So long. Farewell.

As the 2008 Iowa legislative session runs nears its conclusion, lawmakers who are "retiring" (not seeking re-election) are given a chance to give speeches.  In the House, those making such voluntary exits are given an opportunity to stand at their desk on the House floor and speak to their colleagues. Representative Clarence Hoffman, a Republican from Denison, was the first to speak last week and Hoffman concluded by telling his colleagues he was a glass half full kind of guy and he was leaving it to those who’ll serve in the 2009 legislature to tackle getting that glass full.  . 

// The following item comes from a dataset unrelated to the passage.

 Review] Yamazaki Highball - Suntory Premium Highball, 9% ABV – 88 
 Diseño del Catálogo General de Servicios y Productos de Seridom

In the Senate, other senators get up to say (almost always) nice things about the soon-to-be-ex senator and then the senator gets to speak.  Senator Mary Lundby, a Republican from Marion, is not seeking re-election after 22 years in the Iowa House & Senate.  She’s running for the Linn County Board of Supervisors.  Lundby helped orchestrate the GOP take-over of the Iowa House back in the day. Several senators got up to laud her earlier this afternoon; a few joked about her whistling; then Lundy was given her chance to speak and she didn’t take long.  "Thanks for the memories.  I had a great time," Lundby said. 

Senator Dave Mulder, a Republican from Sioux City, has decided to be a one-term senator.  Lundby spent more time talking about him today than she did about herself.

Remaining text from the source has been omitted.